Once your end-to-end processes are documented and understood by all stakeholders in the organization (including and most importantly the Functional and Technical Leaders who are responsible for ideating projects), it’s time to look at the root causes that are keeping you from achieving the needs of your customers. These root causes should be foundational in the overall planning process.


Once root causes are identified, use creative brainstorming to identify solutions to these problems. Engage your employees to help identify solutions and note that not all solutions are technical in nature. Changing a business processes or re-aligning departments to encourage more end-to-end ownership can be great solutions to issues and not require IT investment dollars. Once a set of achievable solutions are identified, it’s time to conduct planning!


3.     Plan by Value Stream

Planning is a multi-step process, and should be undertaken at least quarterly, to assess prioritization and progress on an ongoing basis. If the organization is only planning for project work on an annual basis from a silo’d perspective, there is too much room for ballooning expenses, scope creep, and continuing of efforts where the juice just isn’t worth the squeeze. Six months into a project, when you have already invested millions of dollars, feels too late to change course. At that point the front-line employees start to hear the corporate mandates to work harder, meet unrealistic deadlines, and “do what it takes.” Of course, all of this is compounded by the competing priorities and other projects that often tie up the same resources.  Especially if missing functional or technical dependencies are uncovered.


Conversely, leveraging VOC and root cause analysis from business process to create a backlog of Organizational Epics allows the PMO to pivot and flex as needed. These Epics represent a set of requirements tied to a strategic objective (we’ll cover funding these Epics next week). They also provide structure and hierarchy for work that will be accomplished and allows for an organization to fully complete discrete efforts, enabling a culture of success.

As you are tying these Epics to strategic objectives, ensure these Epics are also clearly tied to a specific Value Stream. An organization can and should plan across value streams, but no organization has the capability or capacity to execute every priority for every value stream at the same time!

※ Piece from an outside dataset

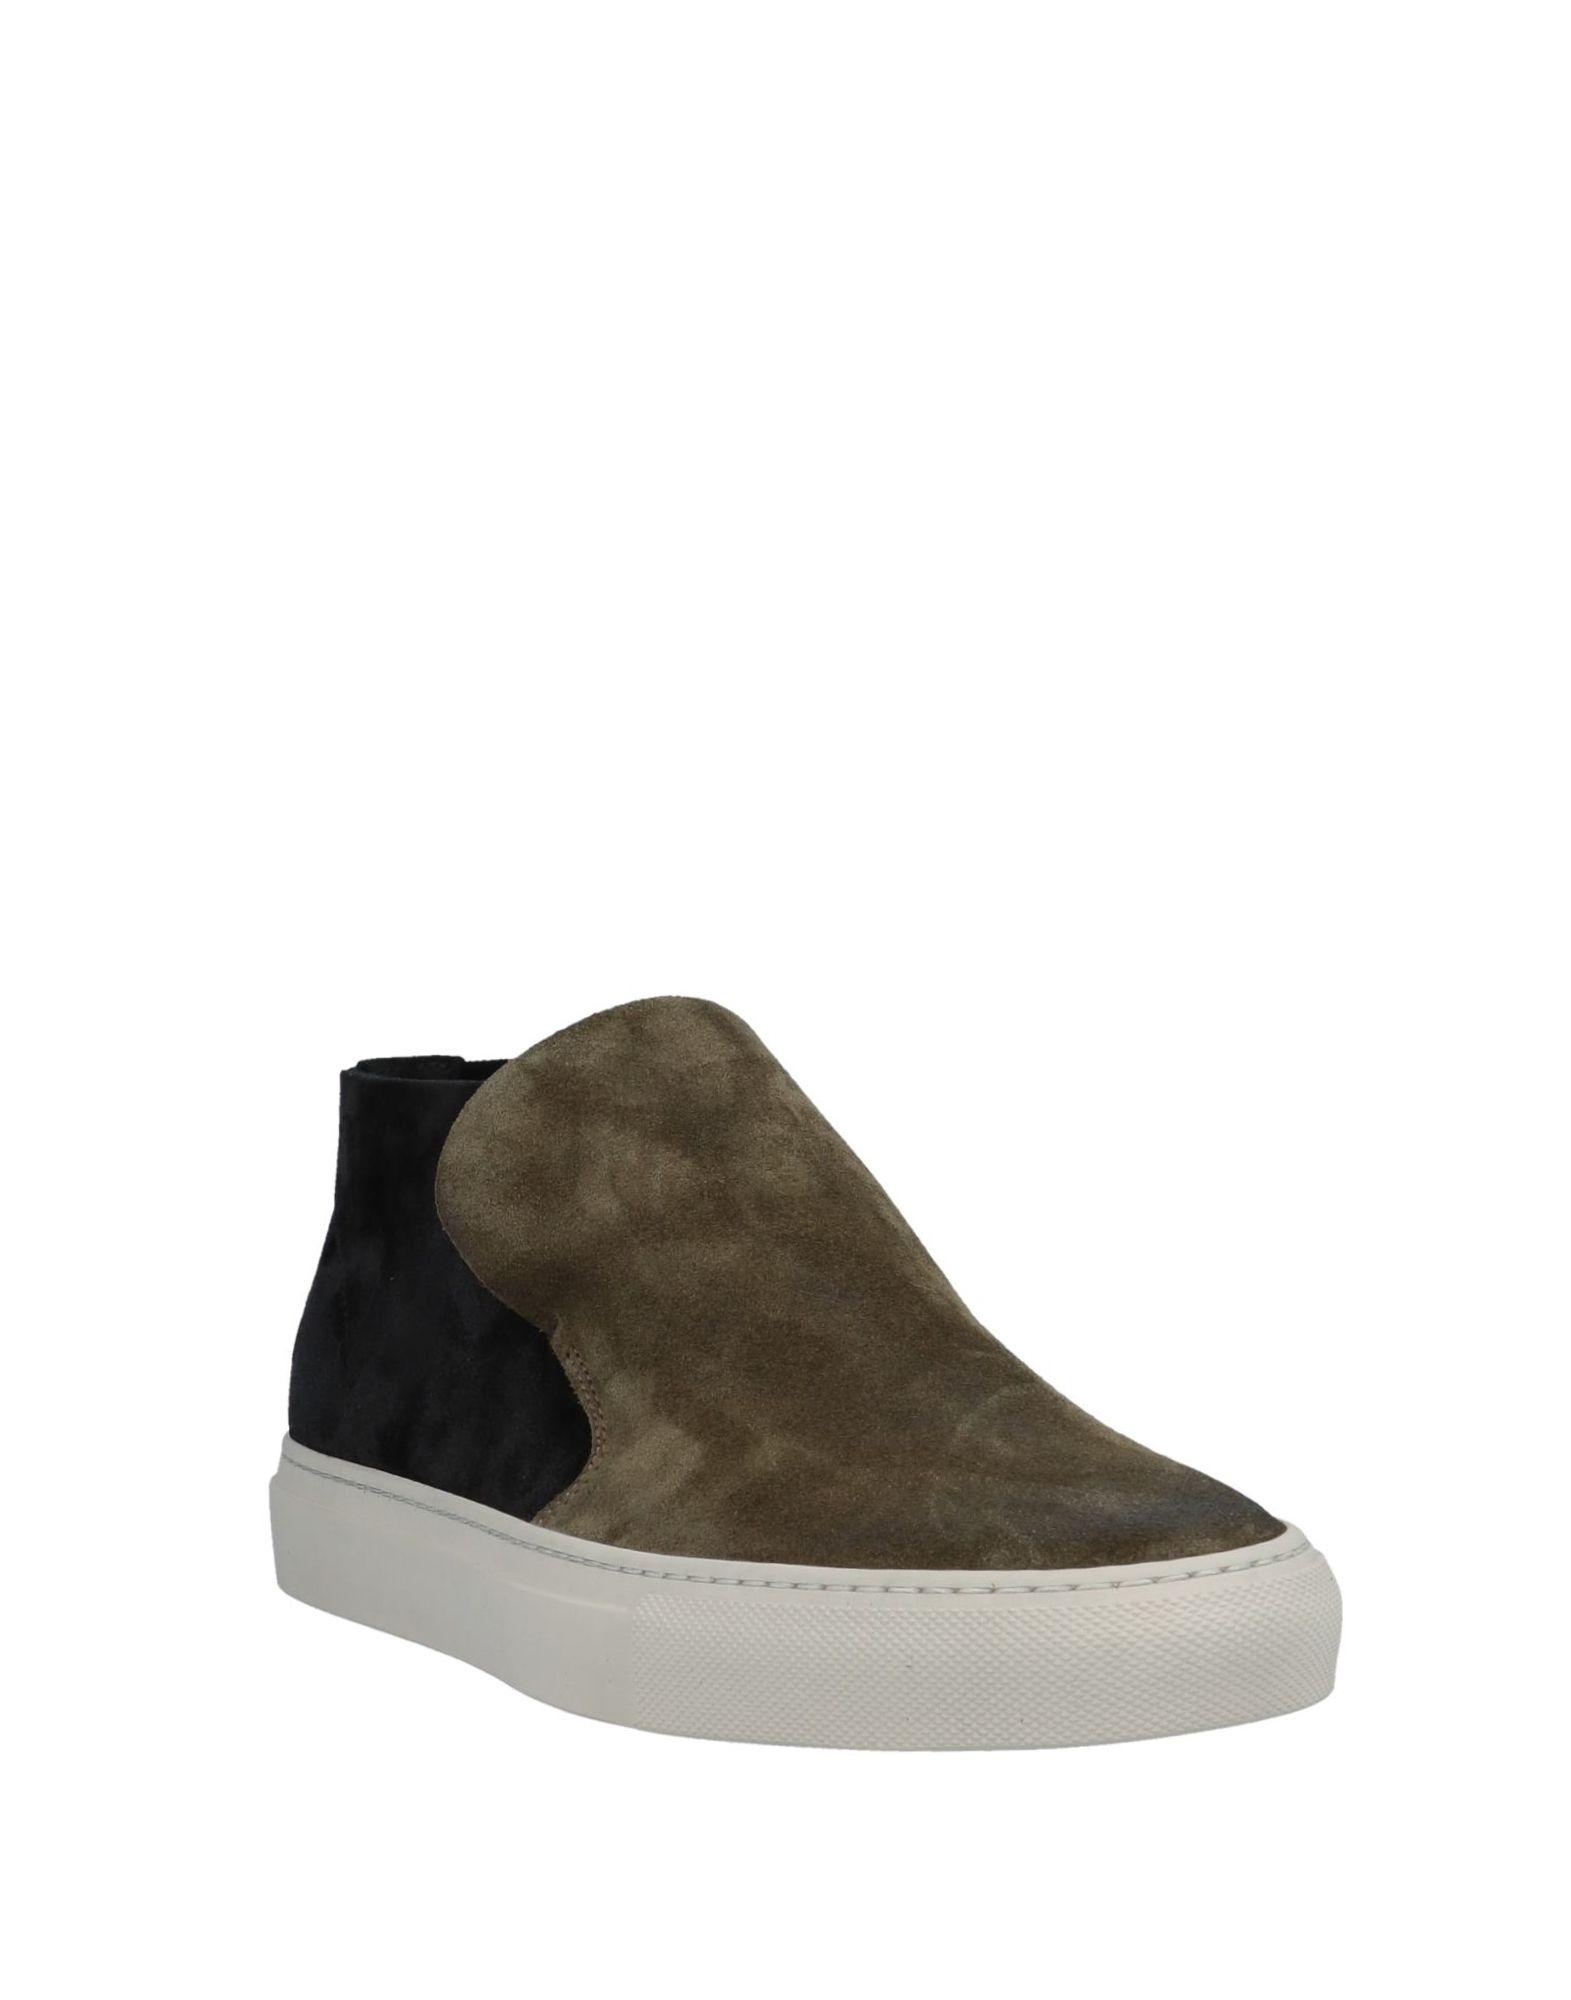 Buttero® Sneakers Herren  11552631VN Gute Qualität beliebte Schuhe
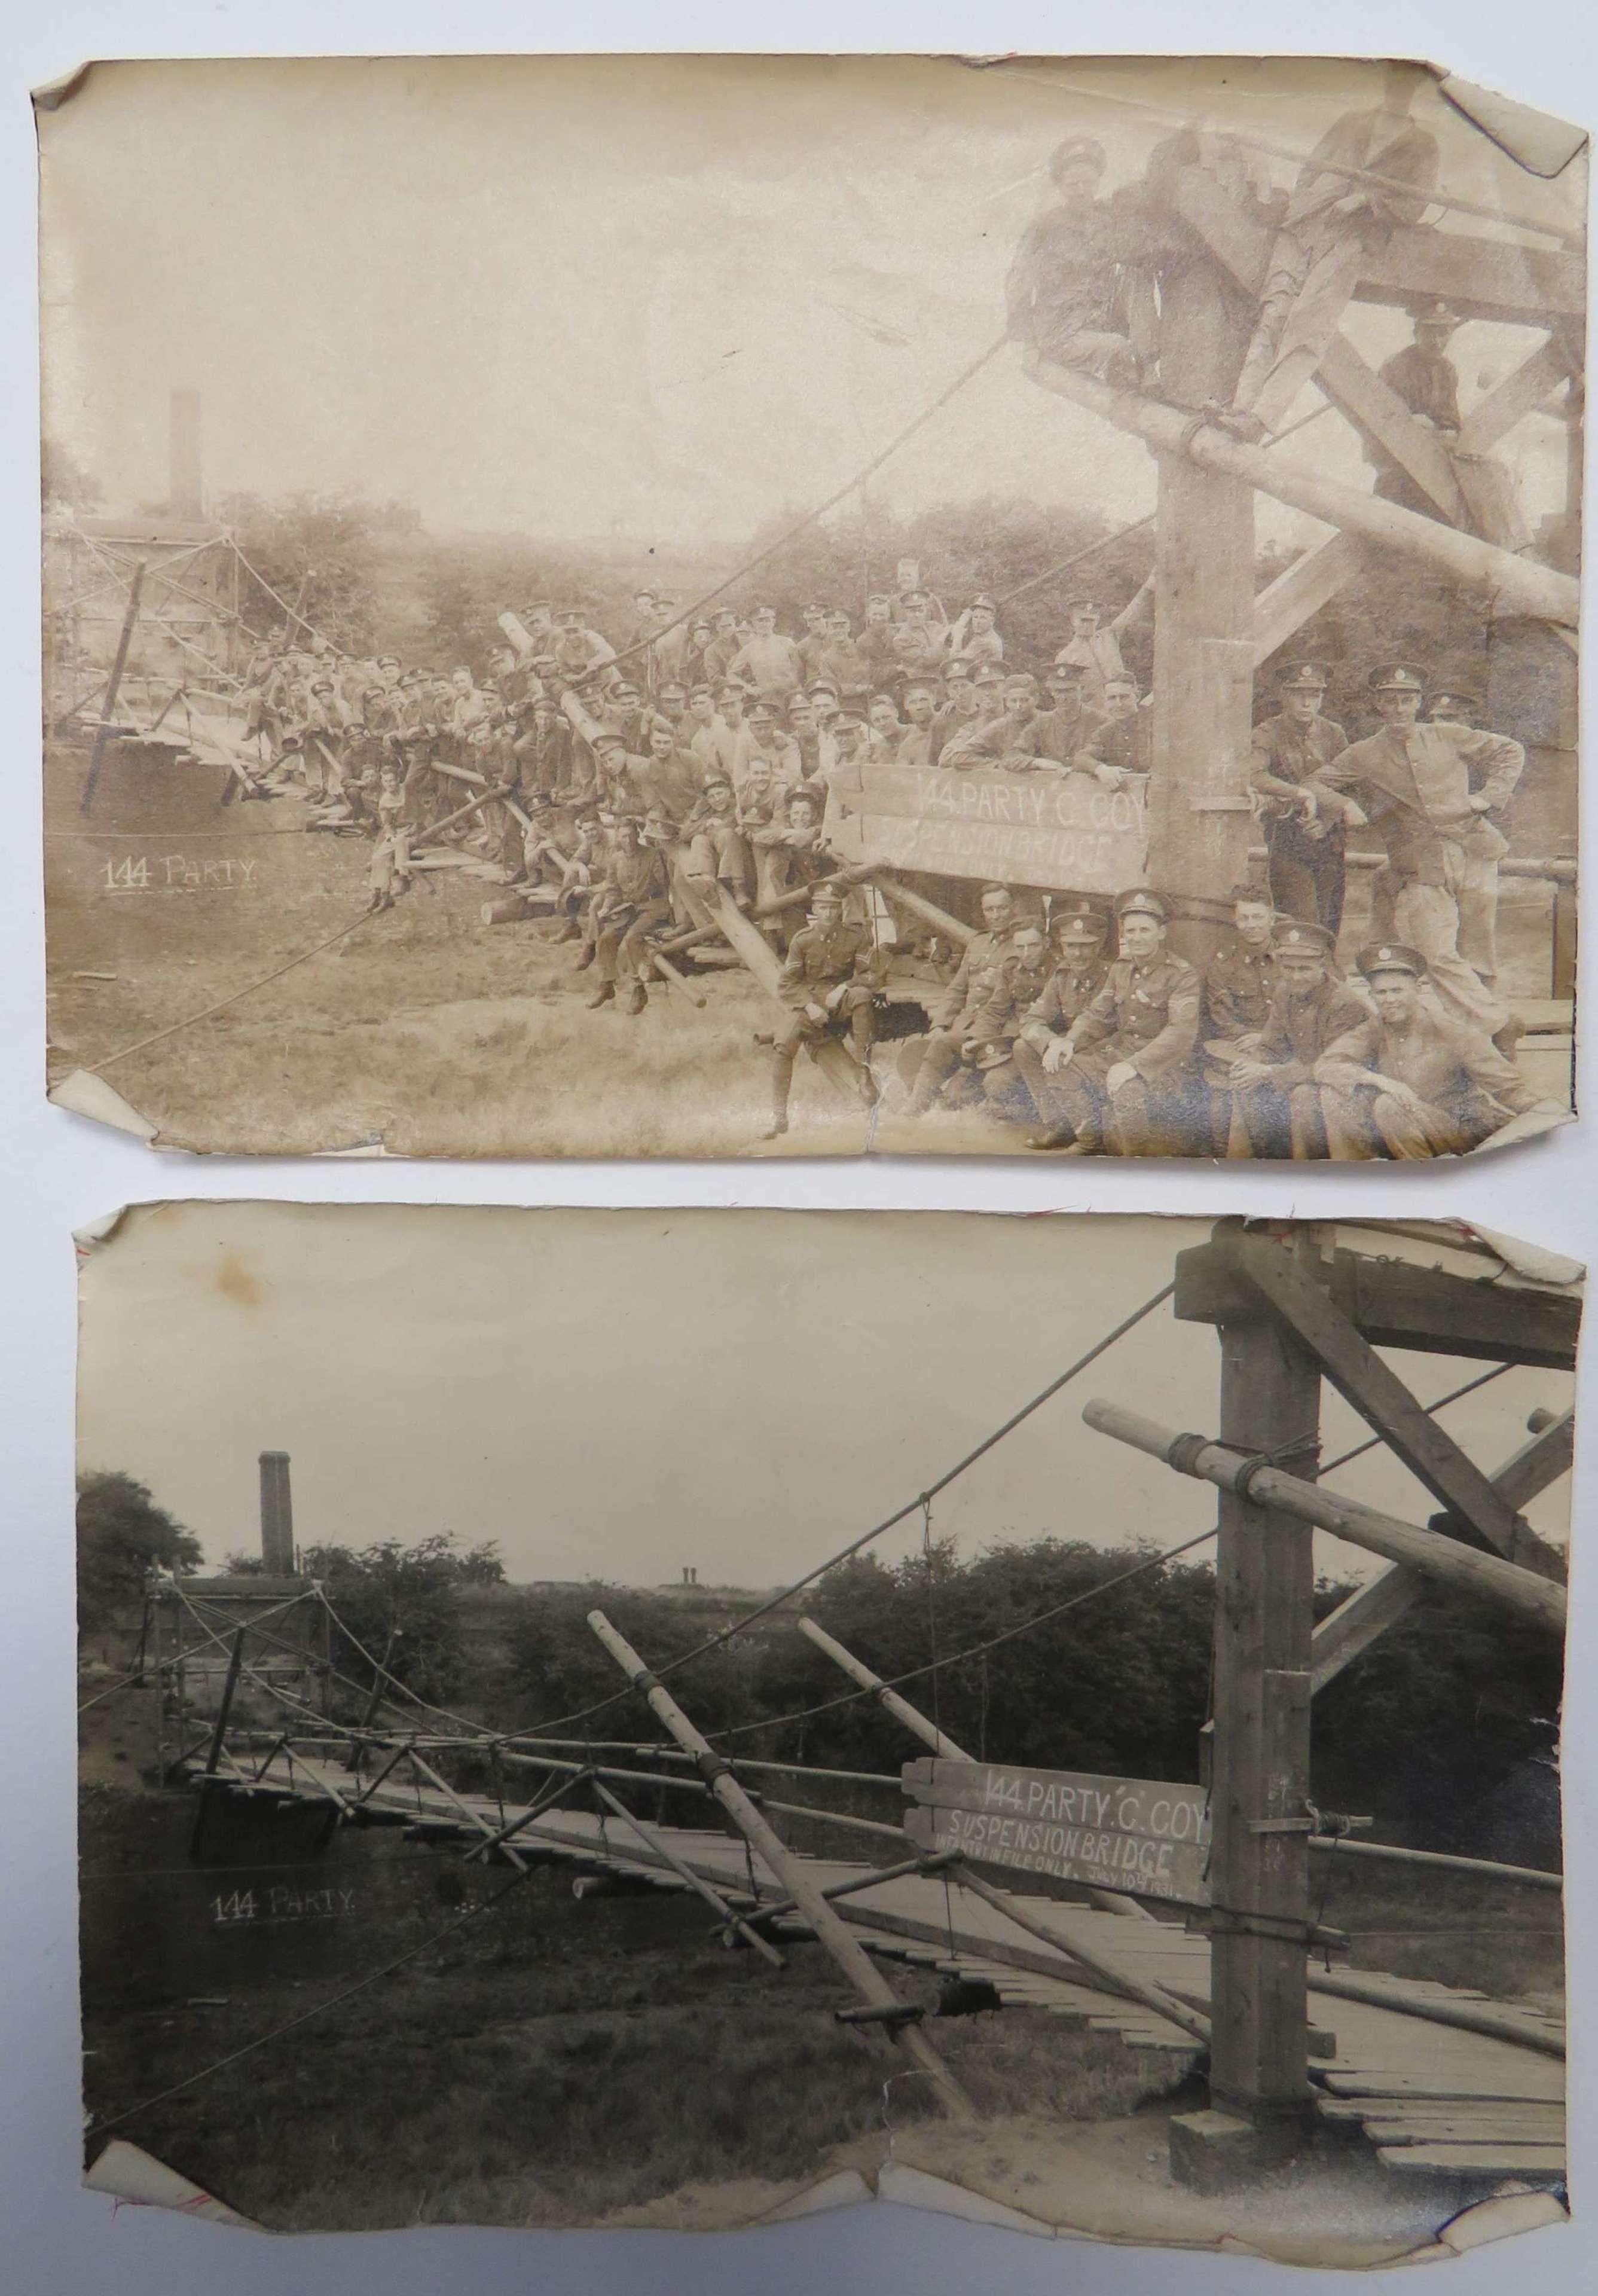 1931 Royal Engineer Bridging Photographs

  • If Procure to Pay is your highest priority value stream, then it makes the most sense to prioritize the foundational and operational Epics for Procure to Pay.
  • If Quote to Order is your highest priority value stream, then why would you prioritize a new Supplier portal project?
  • Are there items (like infrastructure) that are foundational to all value streams? If so, then these need to be prioritized above strategic value stream objectives.


Epics should be reviewed (progress, completion, velocity) every quarter, and the work should be funded accordingly. That way, if a regulatory requirement is communicated, this work can easily be prioritized above the next set of Epics, resources can be re-prioritized, and smaller Epics can be moved up in priority to allow for full and continuous resource utilization.


When planning by Value Stream, the customers of that Value Stream are clear, their needs and wants are understood from VOC, and the organization knows where and how they are or are not delighting customers. The planning process becomes tied to the efficacy of a business process and the ability of that process to be enabled by the appropriate technology.


This planning process should be a formal process, undertaken at the same time each quarter, and should involve discussion, debate, and alignment. Think of it as Program Increment (PI) planning at an organizational level, as opposed to PI Planning at a project or program level. Each quarter the next set of objectives are undertaken based on teams’ ability to deliver on those objectives, dependencies that change the backlog priority, and overall funding for that Value Stream. Meanwhile, the work is completed in discrete phases of work that are either directly providing value or are setting the stage for value to come.